Like tags, they could be now on each “place” instead of on a bookmark; meaning creating another bookmark to the same URL should give it the same keyword.

Created one and that is indeed the case.

That is unfortunate because it creates the same issue with tags for updates. And unlike tags, they don’t appear in bookmarks at all, so there is no workaround.

But since keywords exist in their own table, there is a way we could deal with this. Go through that table (once), construct a place_id to keyword dictionary, and in get_bookmark_information get the keyword based on the place id. Then in bmerge we also need to access the dictionary and check if we need to change the keyword on any existing bookmarks. But I don’t know how bmerge is going to access that. And we don’t want to go through the keywords if k isn’t in the format options. Ideally get_bookmark_information alone should handle this, but it doesn’t get called for existing bookmarks when updating.

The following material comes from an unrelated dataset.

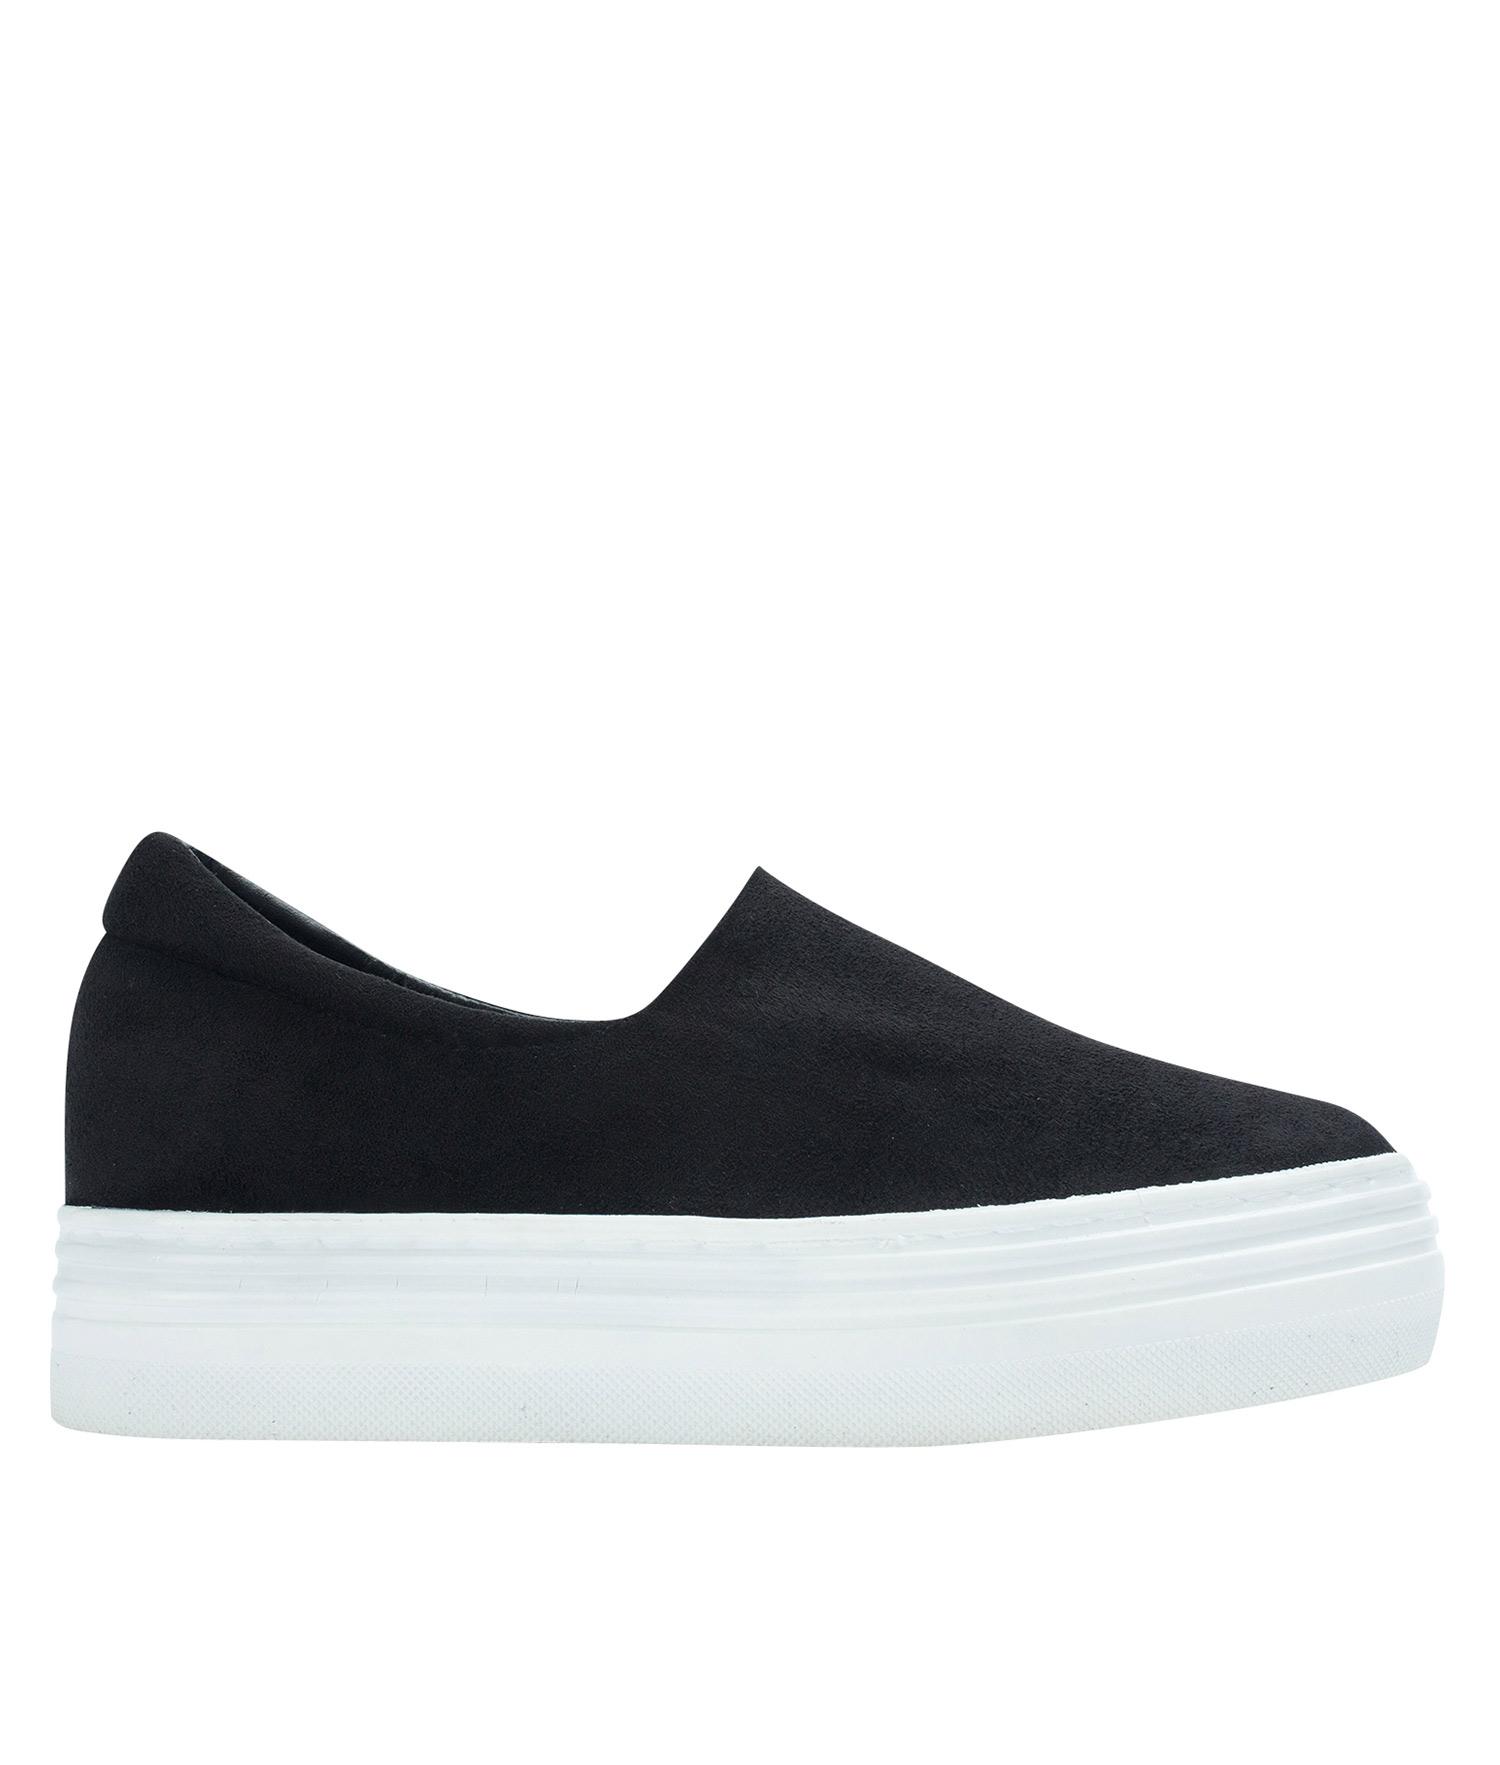 9c08e3564b3 AnnaKastle Womens Faux Suede Stretch Slip-On Platform Sneakers Black

It’s also not that easy because we don’t know the fk for existing bookmarks. We can look at the URL, but this means another query.

I’m trying to think of a simpler and less coupled way of doing it.

I think don’t concern bmerge with this, and instead before it gets called, and in fact before the loop over entries, do something like:

keywords = {}
if 'k' in fmt:
    keywords = get_keyword_alist(cur)
    update_keywords(existing or [], keywords)

with the keywords alist also passed to get_bookmark_information (that way we can avoid doing the query more than once).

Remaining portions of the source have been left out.